> **Available data**

--- --- ---

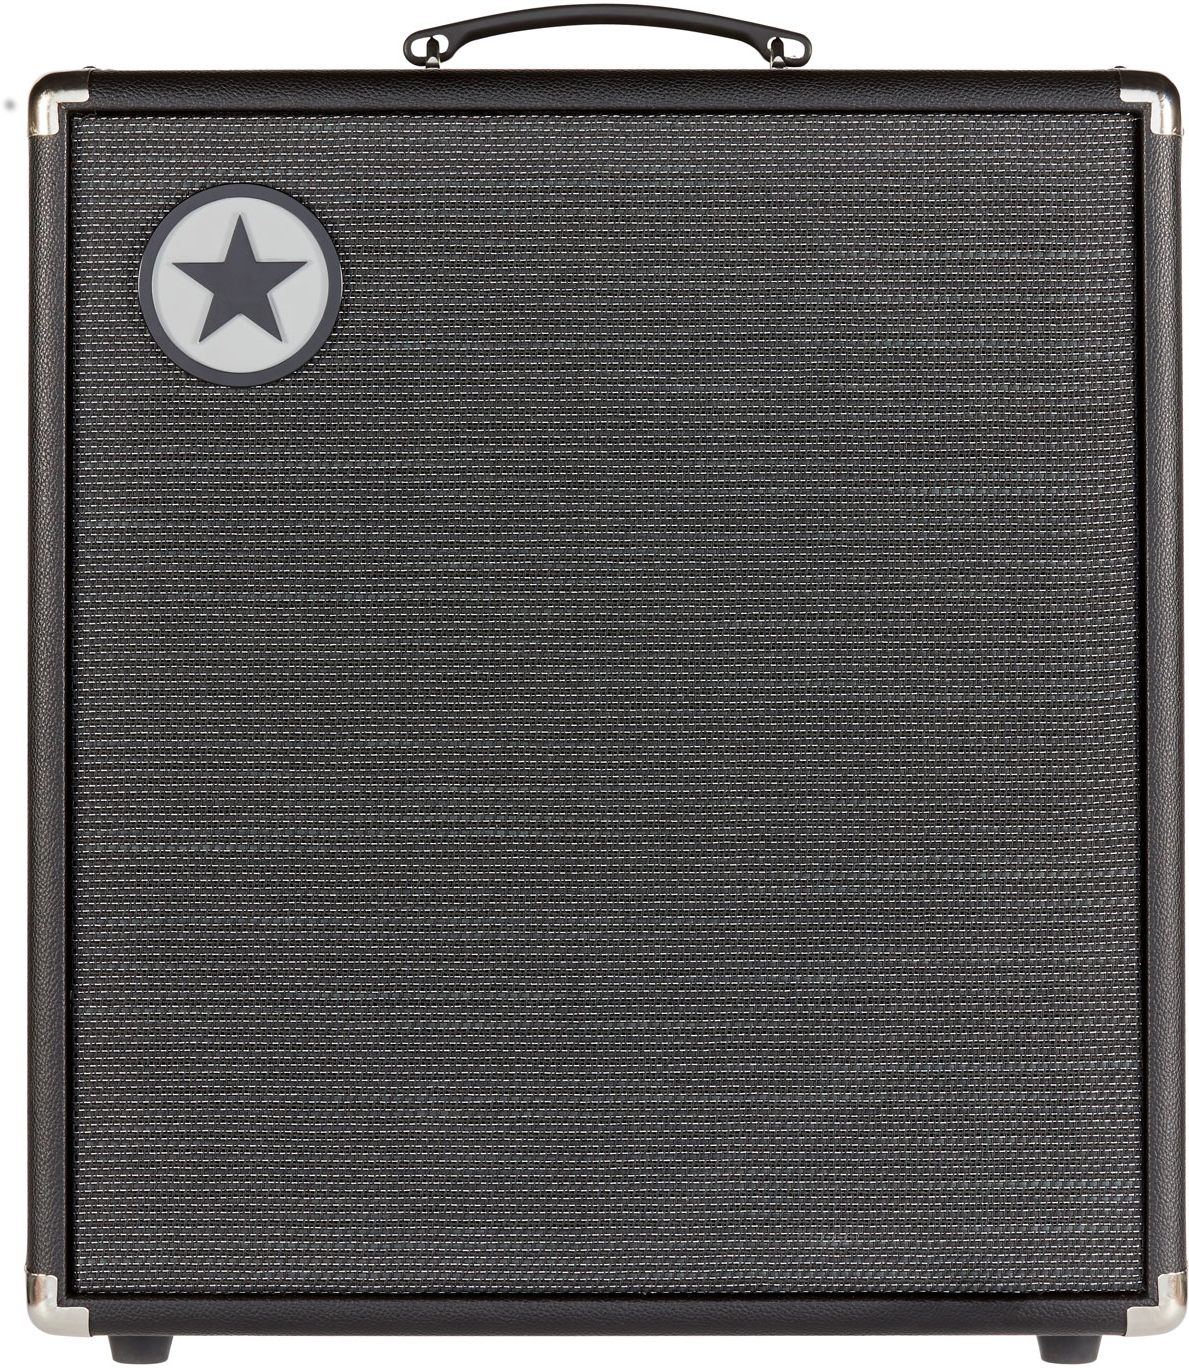 Blackstar Unity 250 - Combo amplificador para bajo - Variation 3
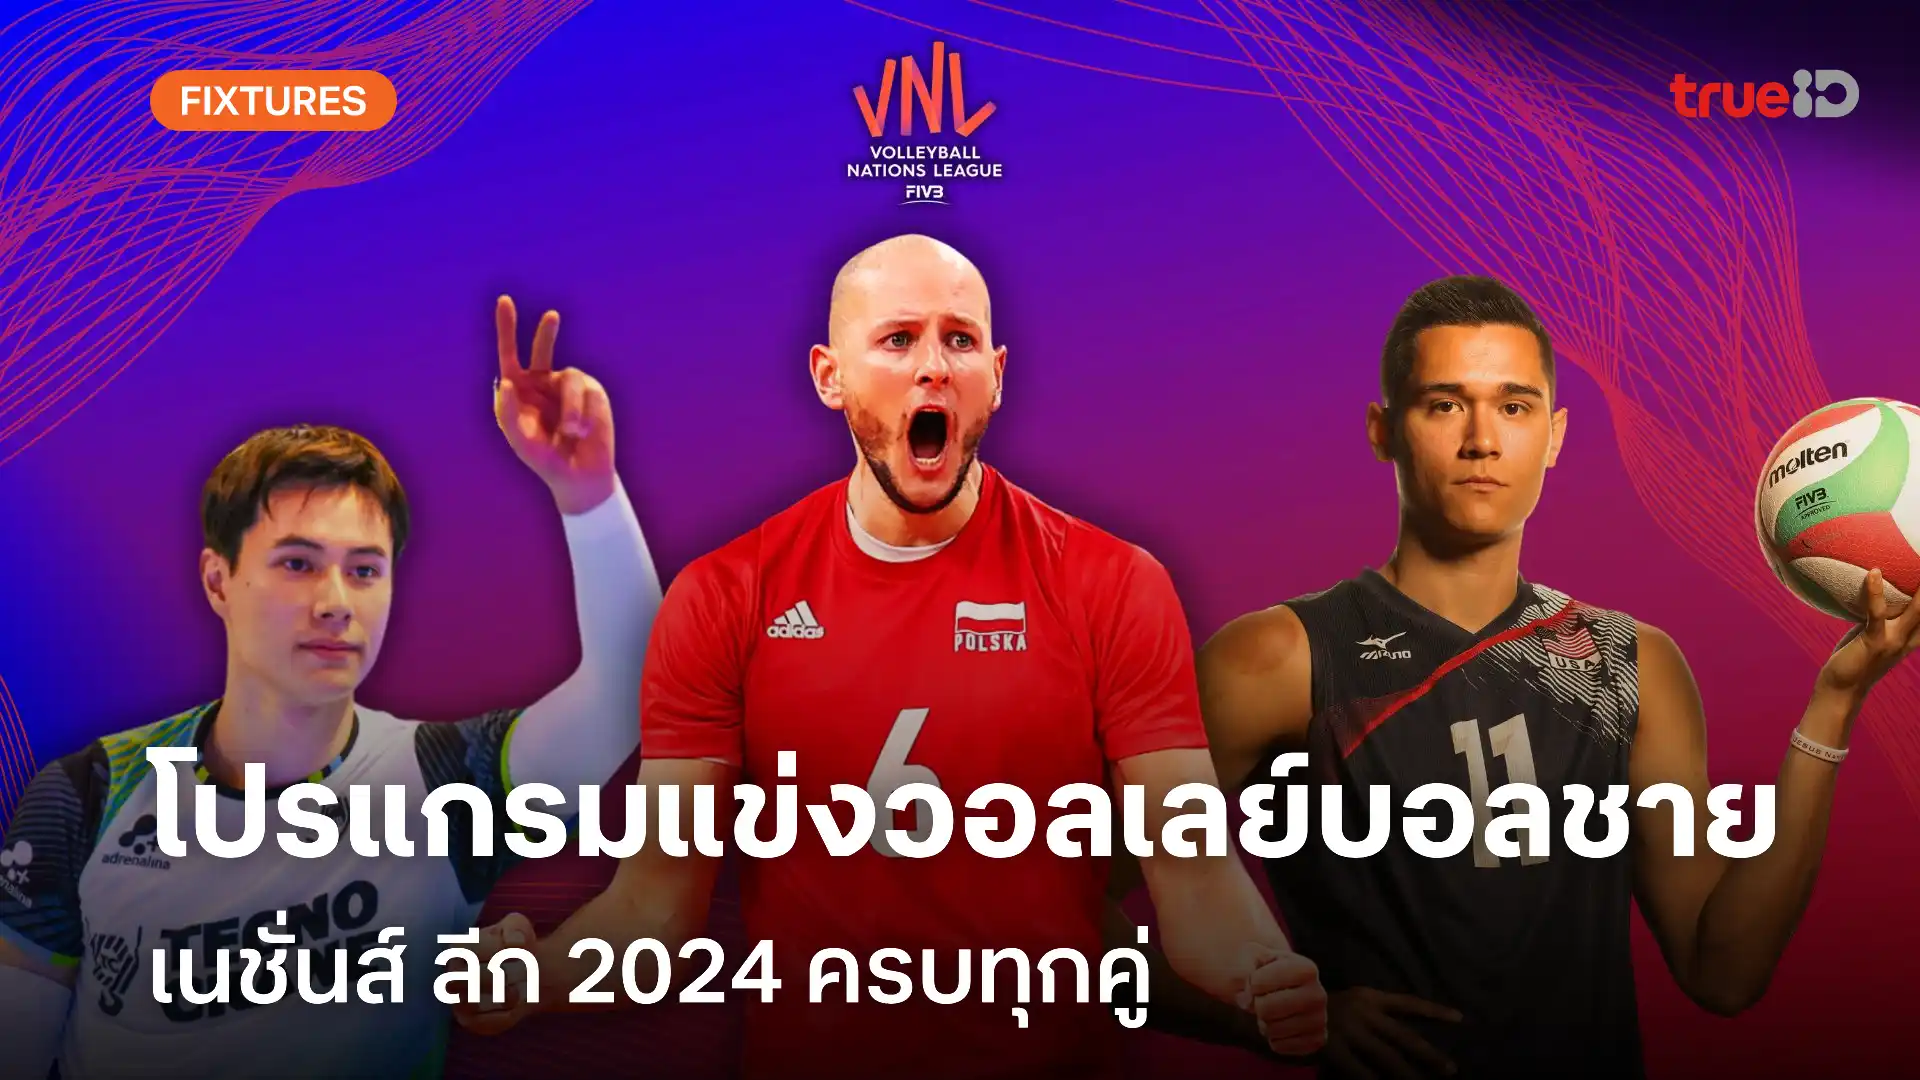 โปรแกรมแข่งวอลเลย์บอลเนชั่นส์ ลีก ทีมชาย VNL 2024 แข่งวันไหน ครบทุกคู่
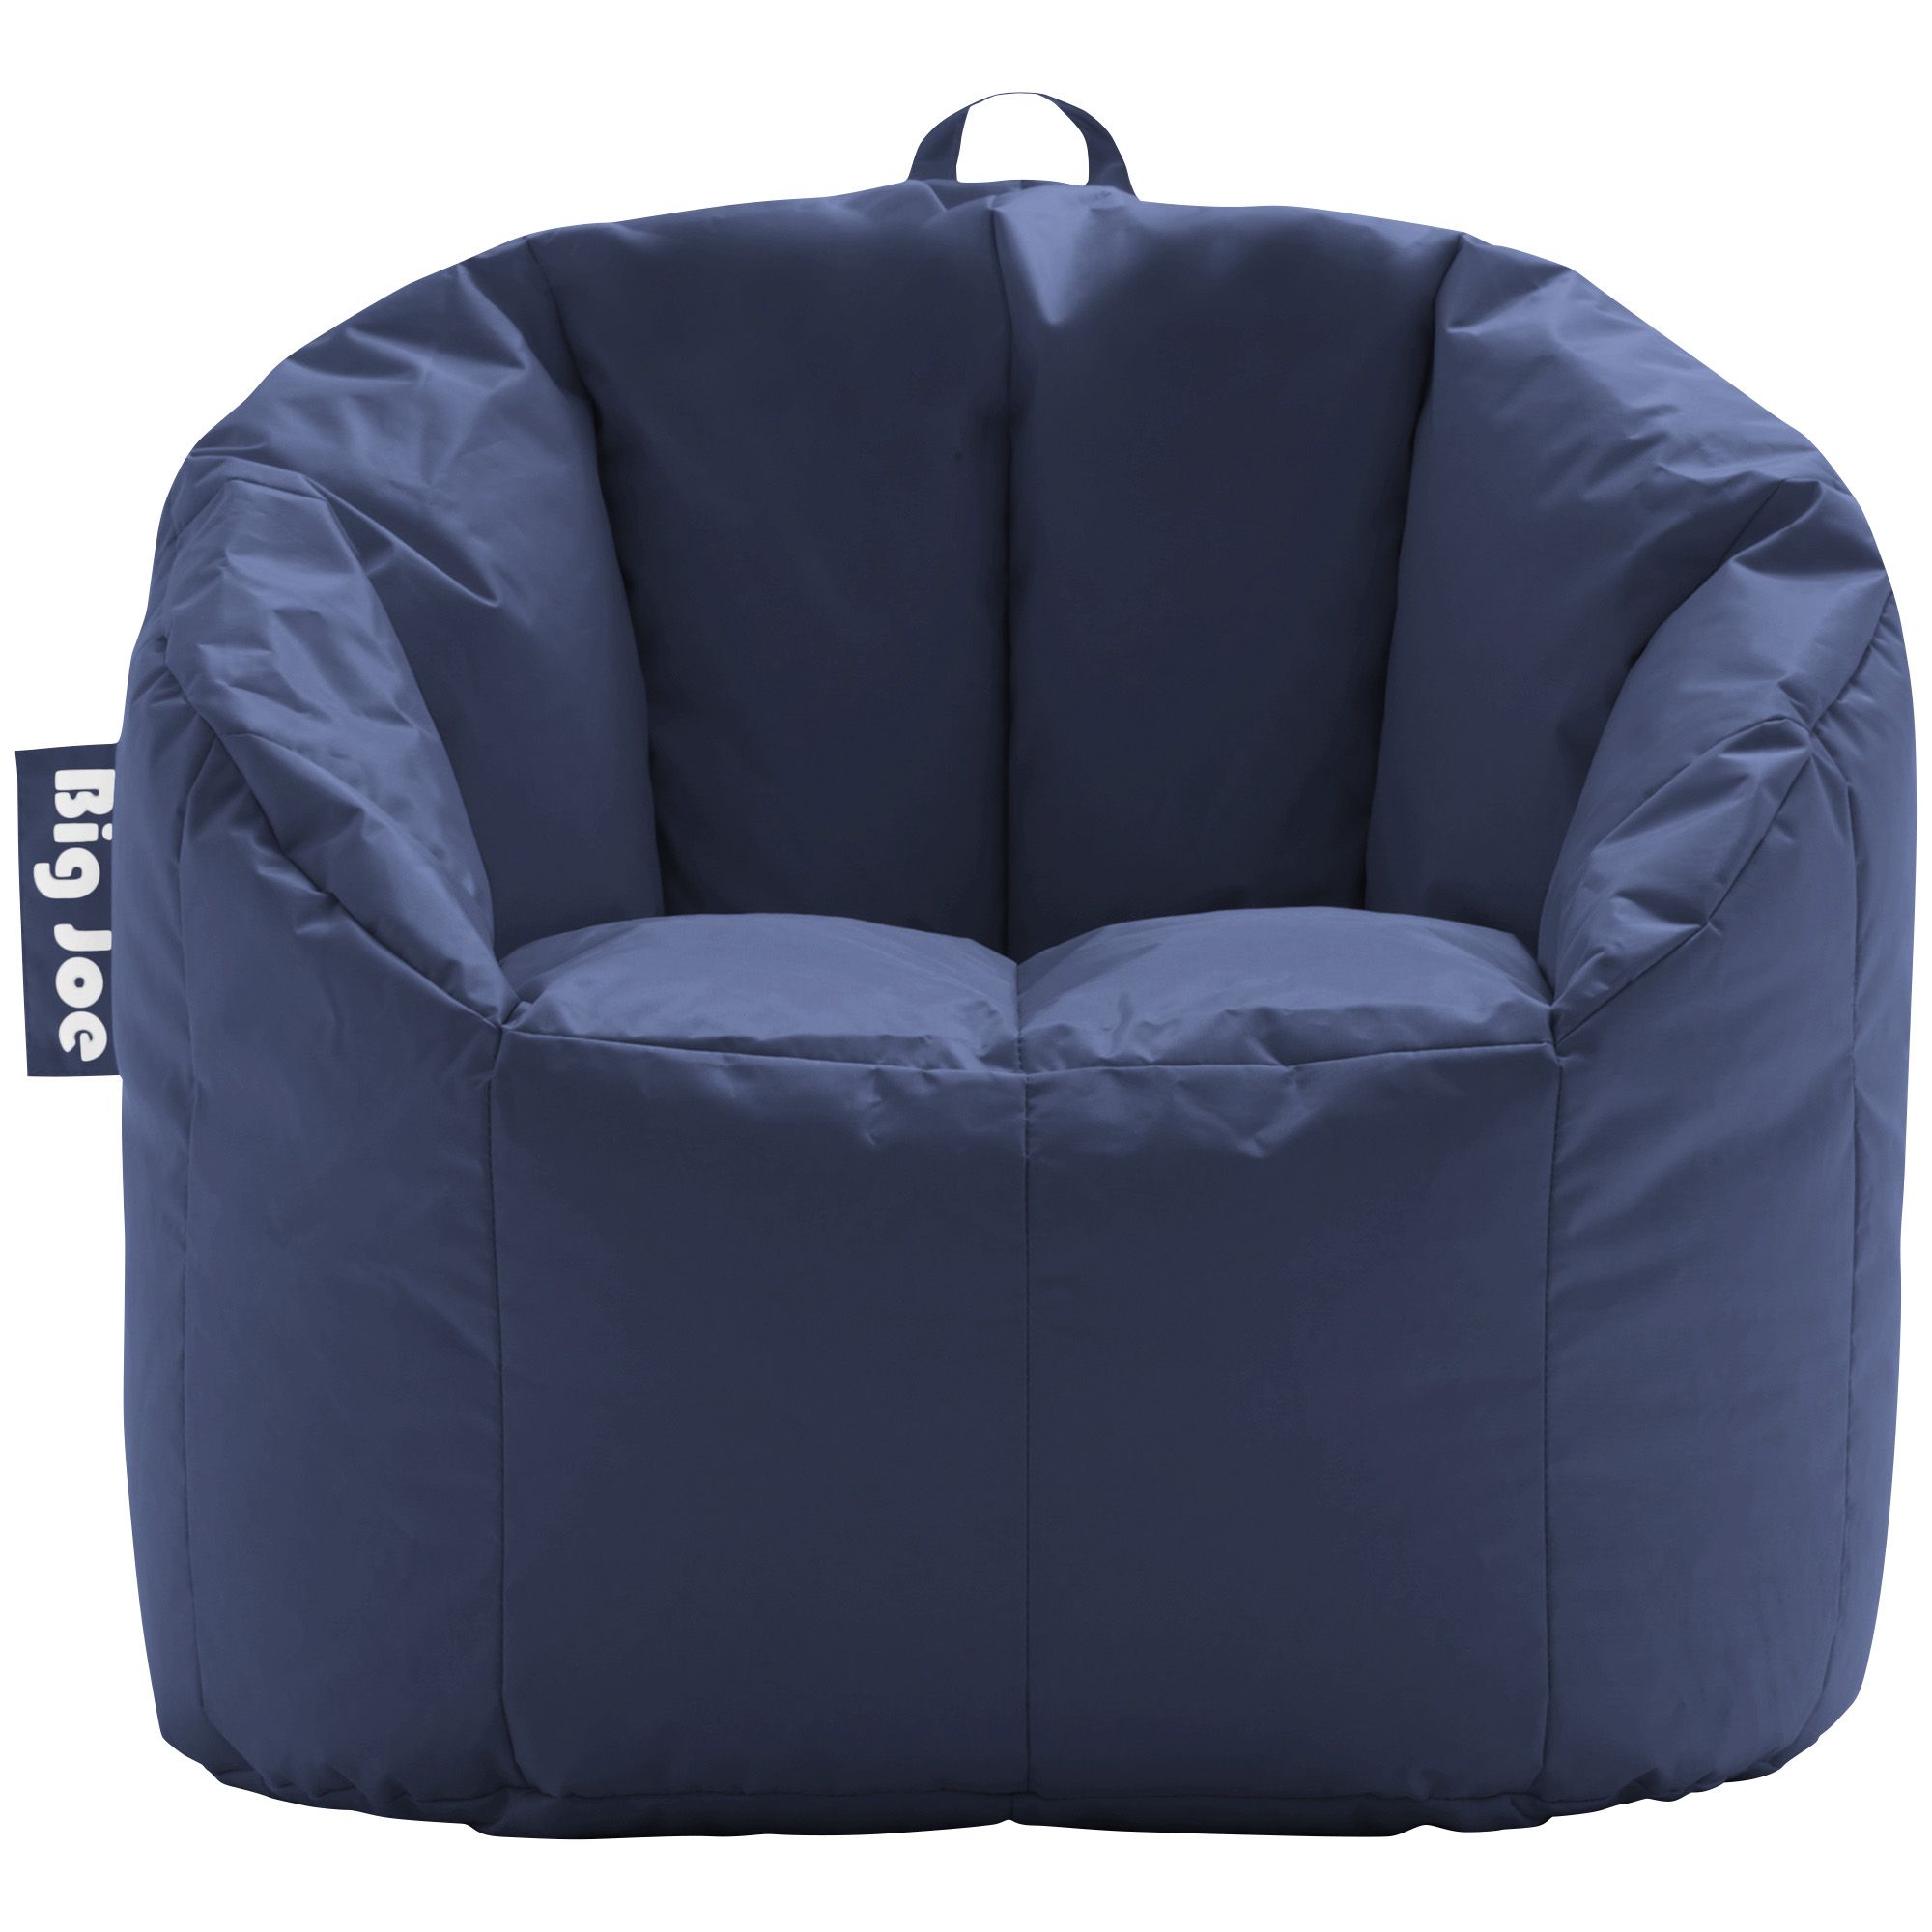 Fingerhut - Big Joe Imperial Lounge Bean Bag Chair

--- --- ---

> **Instructions to follow**
I'd like the material duplicated exactly, without its pictures.

> **Task output**
 Blackstar Unity 250 - Combo amplificador para bajo - Variation 3
 โปรแกรมแข่งวอลเลย์บอลเนชั่นส์ ลีก ทีมชาย VNL 2024 แข่งวันไหน ครบทุกคู่
 Fingerhut - Big Joe Imperial Lounge Bean Bag Chair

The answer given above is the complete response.